Ironically the only action the BJP seems to have taken on Lakhimpur is to punish its own MP, Varun Gandhi, for condemning the attack. On Thursday, the party dropped his mother, Maneka Gandhi from its national executive, a move widely seen as retaliation for Varun Gandhi’s statements.

What makes this even more unusual is that the BJPs reaction, or lack of it, is a high-risk strategy. The fact that the BJP has decided to brazen out the alleged attack on farmers by Mishra’s convoy has galvanised the opposition only months before Uttar Pradesh goes to polls. The Uttar Pradesh government’s strategy to simply lock up any opposition leader it can get its hands on is poor optics for any government given that jail, in the Indian context, often lends politicians legitimacy as serious players willing to put their personal liberty on the line for public causes.

Strongman politics

However, given the BJP’s style of politics, the party has few options when dealing with the Lakhimpur attack. As political scientist Neelanjan Sircar has explained it in another context, the BJP’s politics is “not only about winning elections, it is about demonstrating control over all facets of space”.

As a result, the BJP must constantly display an aggressive aura of invincibility. The front is a tightrope for the saffron party, since if it gets pierced, its political fortunes might slide quickly in spite of seeming invincible till then. As Sircar points out, a similar play has already happened before with the CPI(M) in West Bengal. The communists maintained a 34-year hegemony over political life in the state – till a precipitous collapse all but wiped out the party in under a decade.

This is, therefore, not the first time the BJP has brazened out allegations of criminal activity.
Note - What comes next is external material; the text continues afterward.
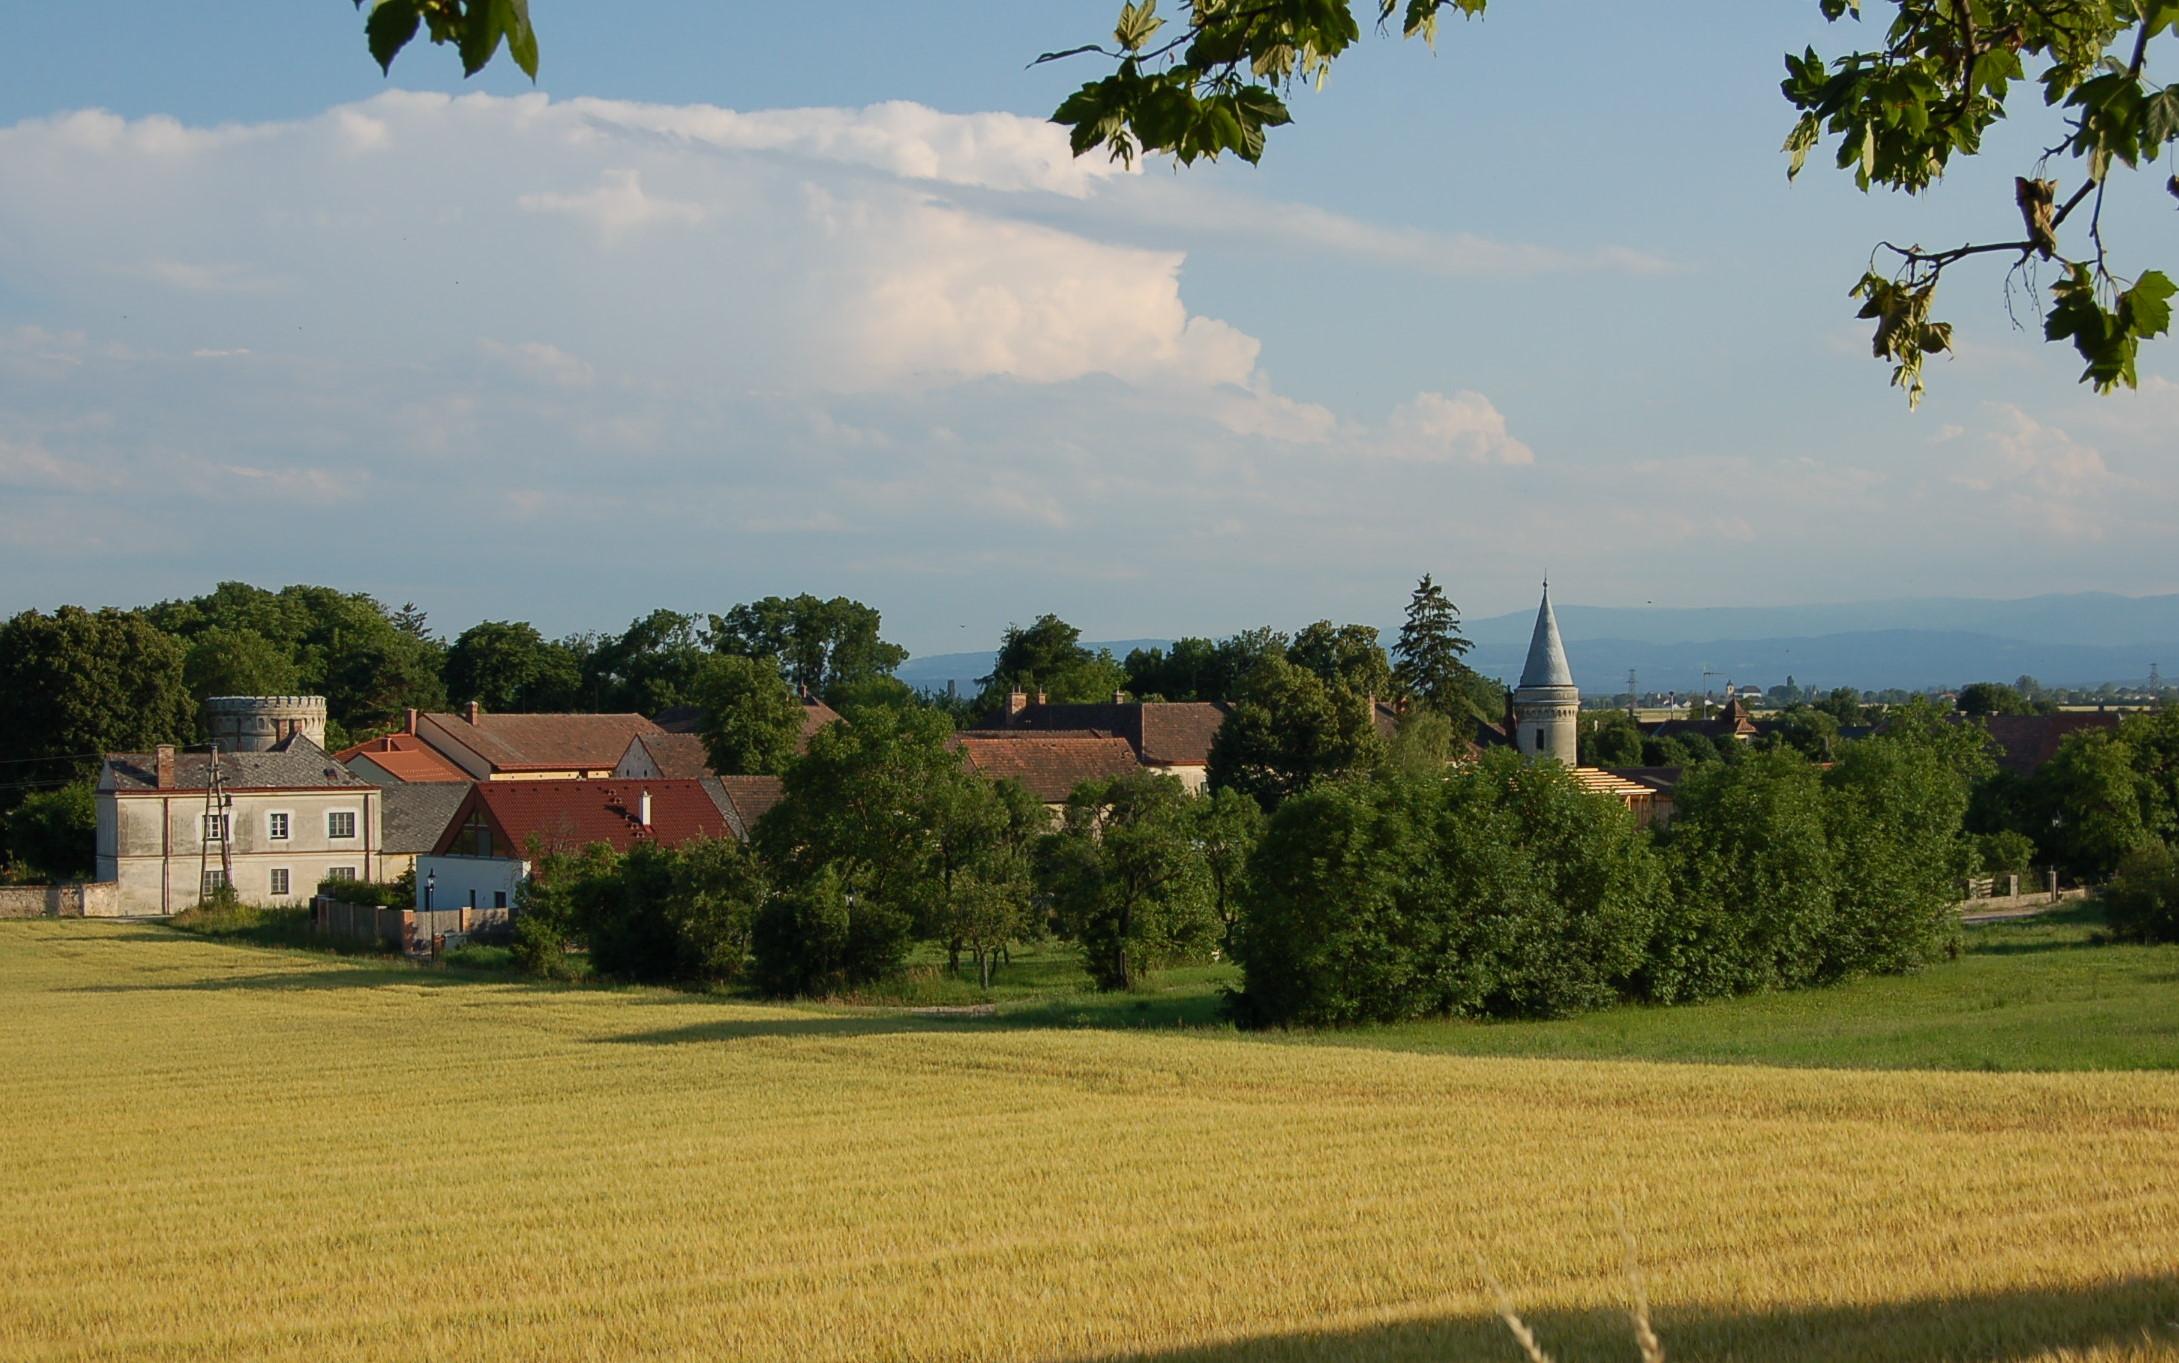 Mllabfuhrkalender - Bad Fischau-Brunn

For example, early on in Modi’s first term, in 2015, with the BJP’s Union foreign minister and Rajasthan chief minister accused of corruption in helping cricket administer Lalit Modi bend international travel rules, Union home minister Rajnath Singh simply dismissed demands for anyone to reign since “this is [BJP-led] NDA [National Democratic Alliance], not [Congress-led] UPA [United Progressive Alliance]”.

The BJP’s normally authoritarian style has got turbocharged in Uttar Pradesh, where for the last five years, Adityanath has built up his own image as a strongman. The chief minister has frequently encouraged blatant illegality, pushing police extra-judicial killings and arrests for free speech, as a way to burnish his strongman image. Ethics of the strategy aside, those actions have won Adityanath significant popularity. He is, along with Modi and Shah, one of the BJP’s most well-known leaders, popular not only in Uttar Pradesh but also nationally.

Caught between a rock and a hard place, clearly the BJP has decided to keep on course with its aggressive style of politics, brazening out even this allegation rather than pursue justice for the nine people murdered on Sunday.